Wczoraj wybrałam sie na imprezę z moimi kolezankami. Powiedziałam mojemu męzowi, ze wroce o połnocy. 'Obiecuje ci kochanie, nie wroce ani minuty pozniej'- powiedziałam i wybyłam. Ale. impreza byla cudowna!!! Drinki, balety, znow drinki, znow balety, i jeszcze więcej drinkow, było tak fajnie, ze zapomniałam o godzinie!!!!.. Kiedy wrociłam do domu była 3 nad ranem. Wchodze do domu, po cichutku otwierając drzwi, a tu słysze tą wscieklą kukułkę w zegarze jak zakukała 3 razy. Kiedy się zorientowalam, ze moj maz się obudzi przy tym kukaniu, dokonczyłam sama kukac jeszcze 9 razy... Bylam z siebie bardzo dumna i zadowolona, ze chociaz pijana w cztery dupy, nagle taki dobry pomysł przyszedł mi do glowy - po prostu uniknęłam awantury z męzem...!!!! Szybciutko połozyłam się do łozka, mysląc jaka to ja jestem inteligenta! Ha!!!!

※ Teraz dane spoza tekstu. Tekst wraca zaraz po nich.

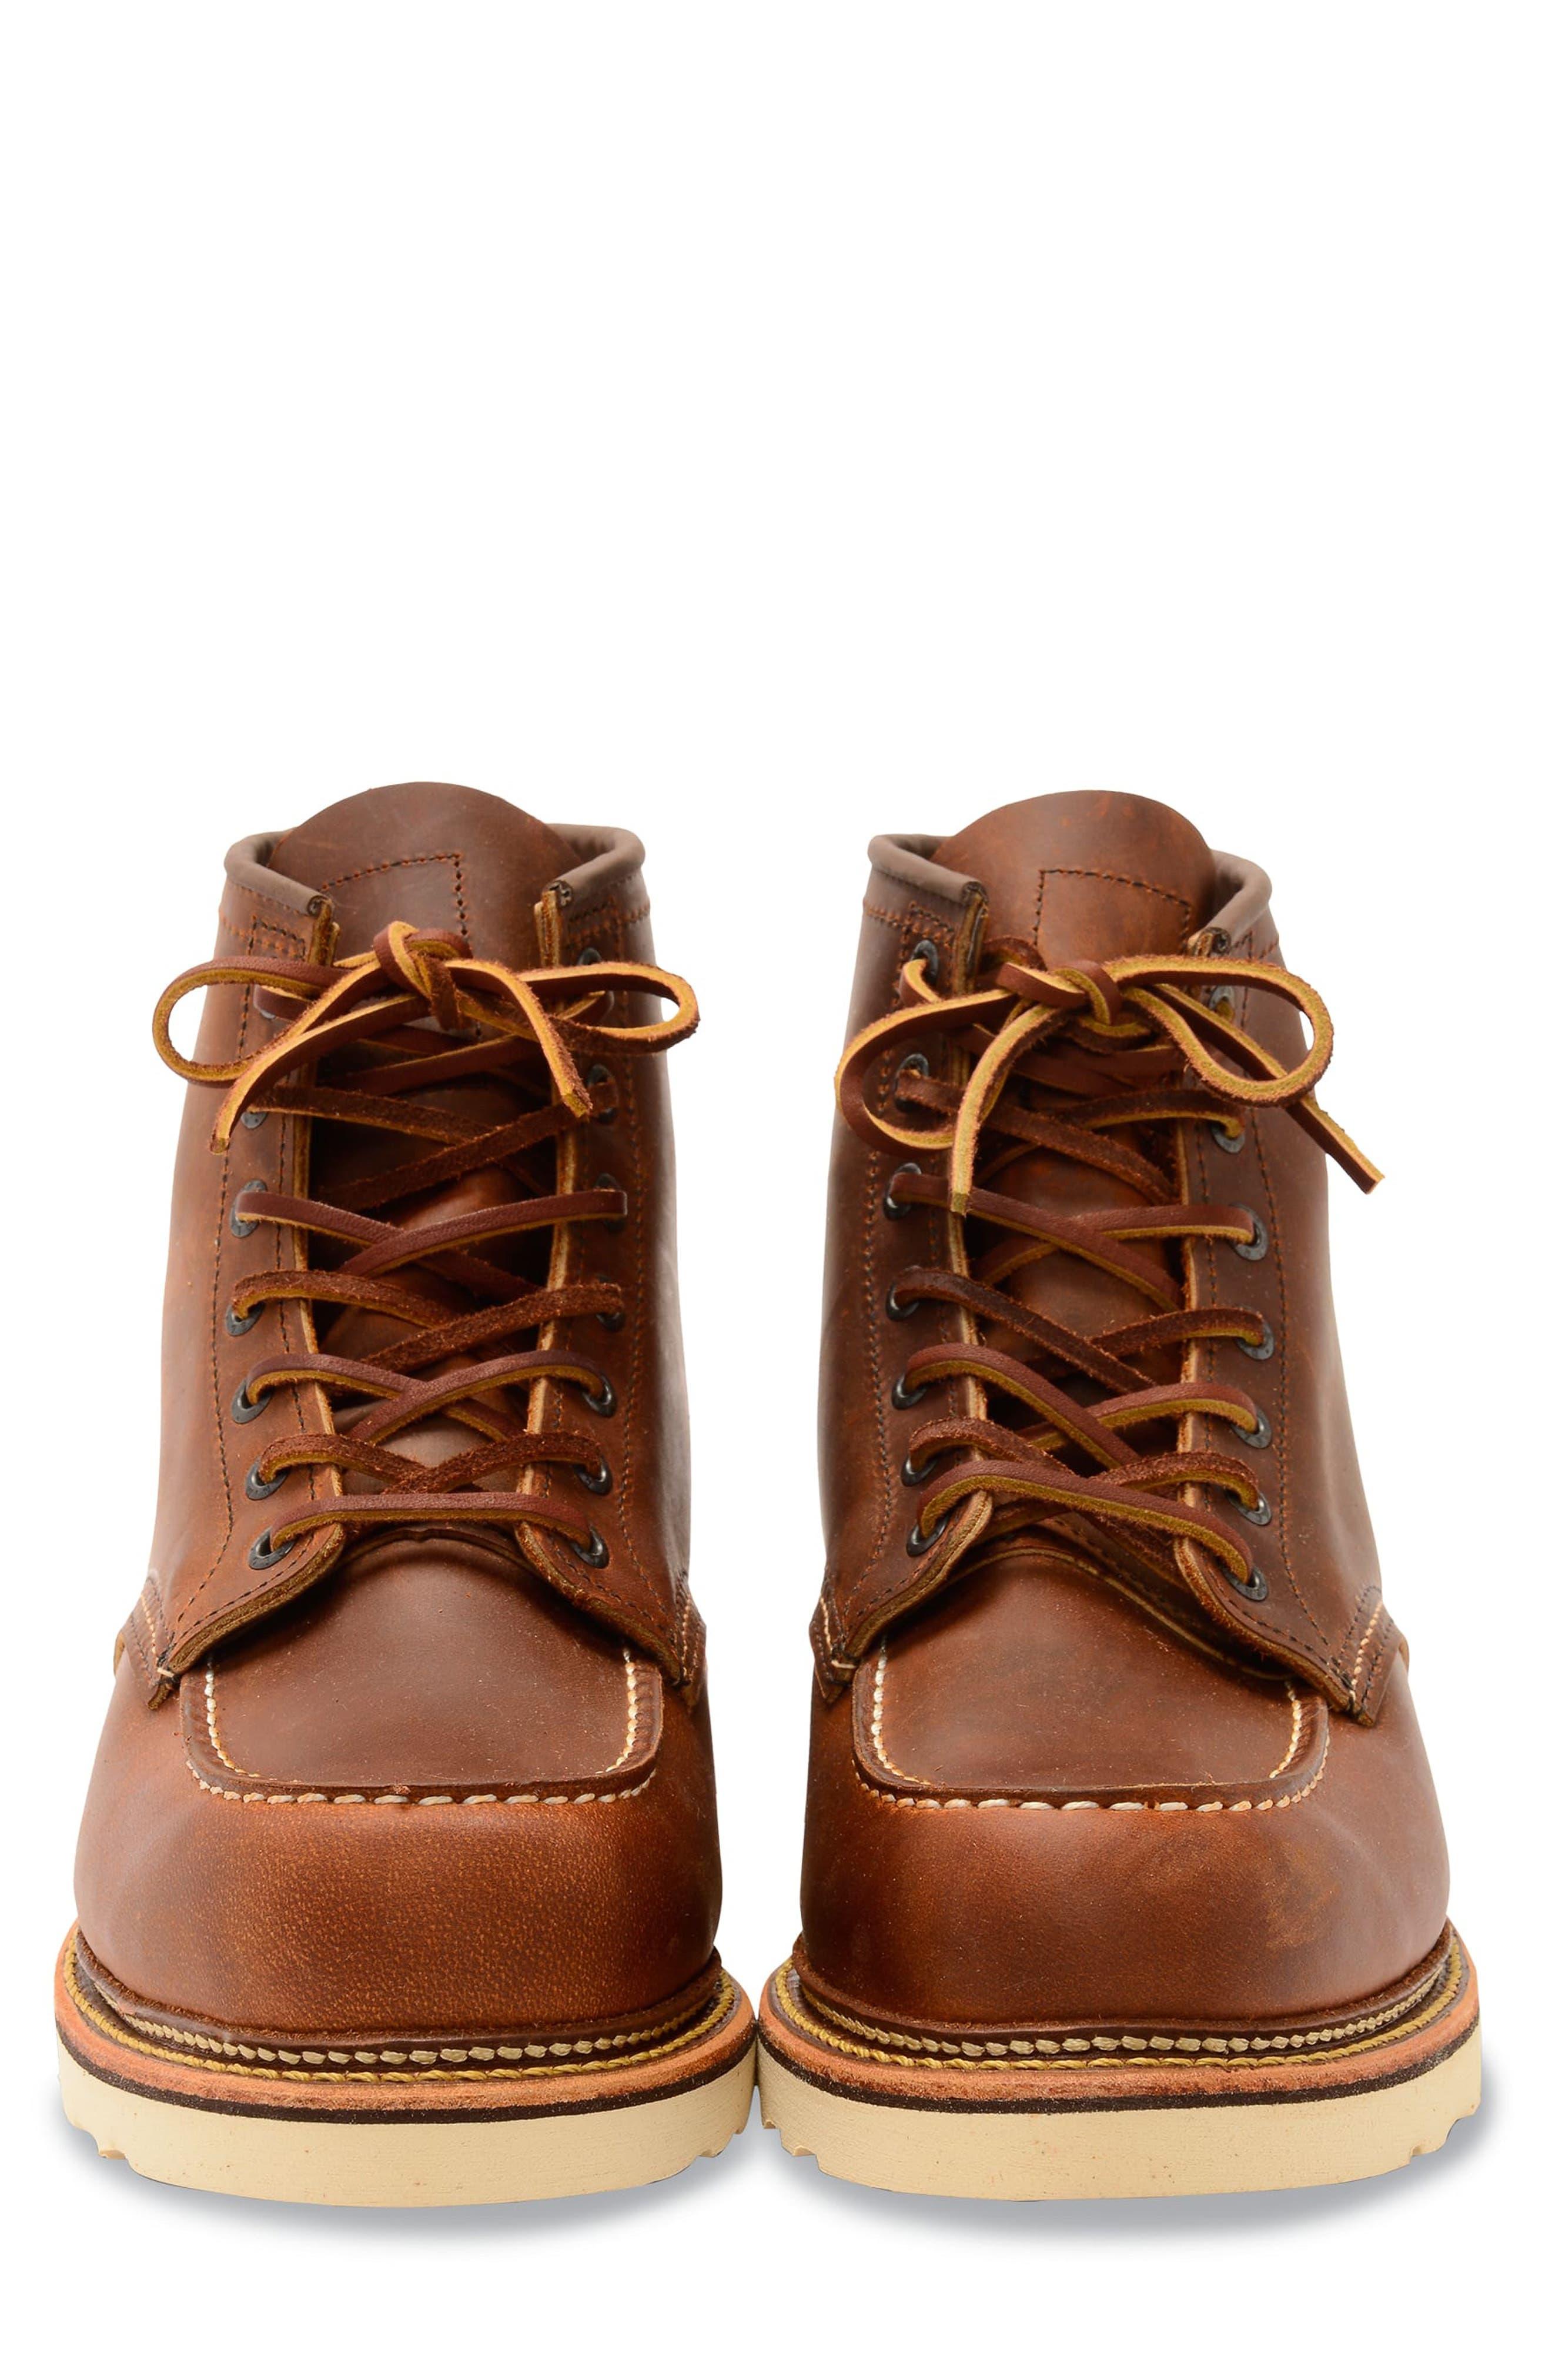 Moc Toe Boot,                             Alternate thumbnail 3, color,                             COPPER BROWN- 1907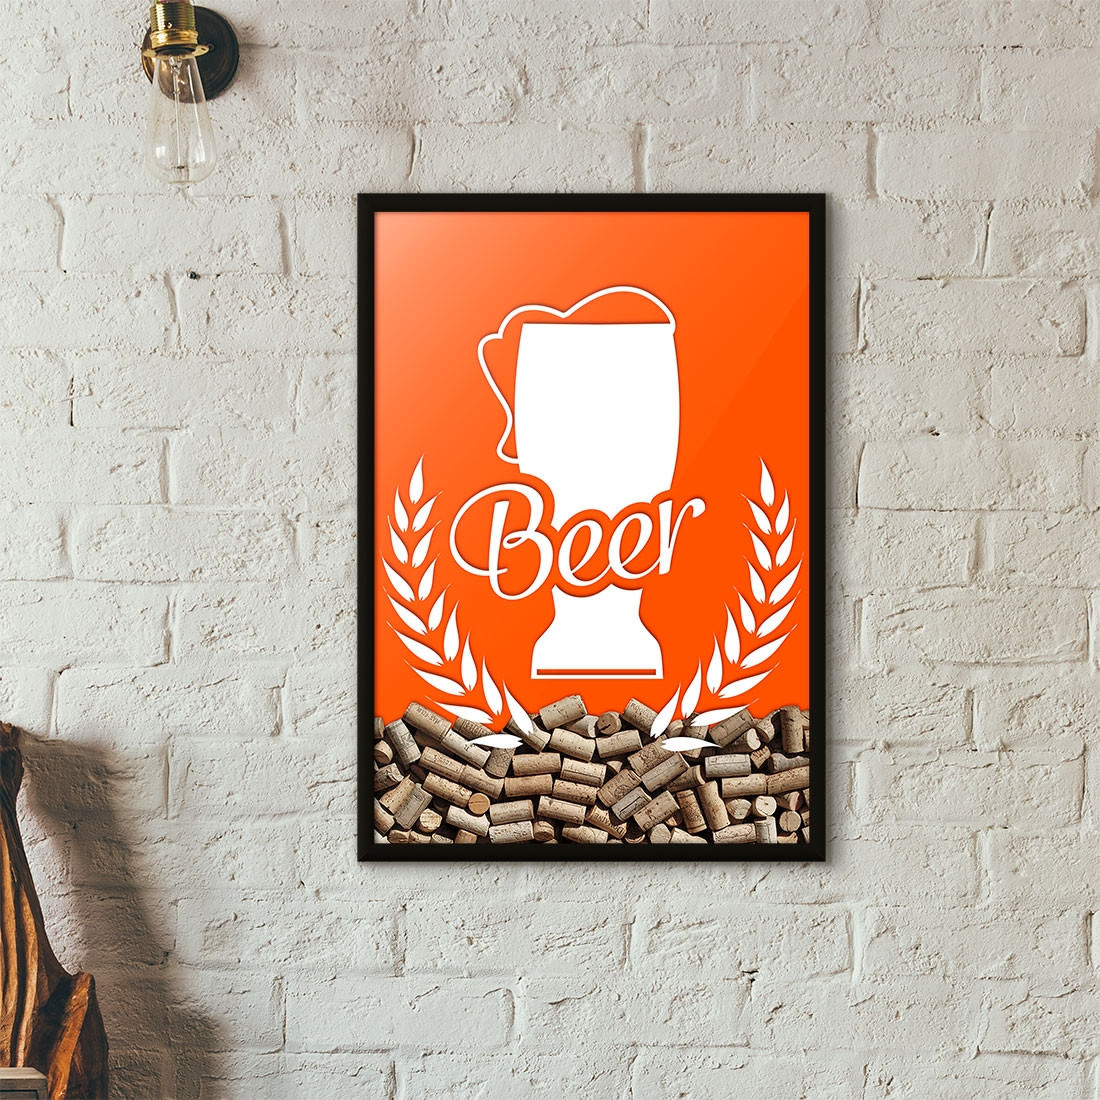 Quadro Porta Tampinhas de Cerveja - Tulipa Beer - Laranja

.Rano, podczas śniadania, mąz zapytał o której wróciłam z imprezy, więc mu powiedziałam, ze o samiutkiej północy, tak jak mu obiecałam. On od razu nic nie powiedział, nawet nie wyglądał na podejrzliwego. 'Oh, jak dobrze, jestem uratowana....' - pomyślałam i prawie otarłam pot z czoła. Moj maż, po chwili, spojrzał na mnie serio, mówiąc: 'Wiesz, musimy zmienić ten nasz zegar z kukułką'. Zbladłam ze strachu, ale pytam pokornym głosem: 'Taaaak?? A dlaczego, kochanie?' A on na to: Widzisz, dziś w nocy, kukułka zakukała 3 razy, potem - nie wiem jak to zrobiła - krzyknęła 'O *****!!!' znów zakukała 4 razy, zwymiotowała w korytarzu, zakukała jeszcze 3 razy i padła na podłogę ze śmiechu. Kuknęła jeszcze raz, nastąpnęła na kota i rozwaliła stolik w salonie. A potem, powaliła się koło mnie i kukając ostatni raz - puściła se głośnego bąka i szybko zaczęła chrapać........
 
reklama
Zjazd rodzinny, trochę problem z noclegiem, wyszło tak, że na piętrowym łóżku, ułożyli do spania, na górze narzeczeństwo na dole miał spać dziadek.
Para postanowiła, że jak będą chcieli się kochać, dziewczyna powie, że ma ochotę na pączka. I tak po paru razach ochoty na pączka, dziadek nie wytrzymał i krzyczy:
- Wy już dajcie spokój z tymi pączkami, bo już mi tu lukier kapie.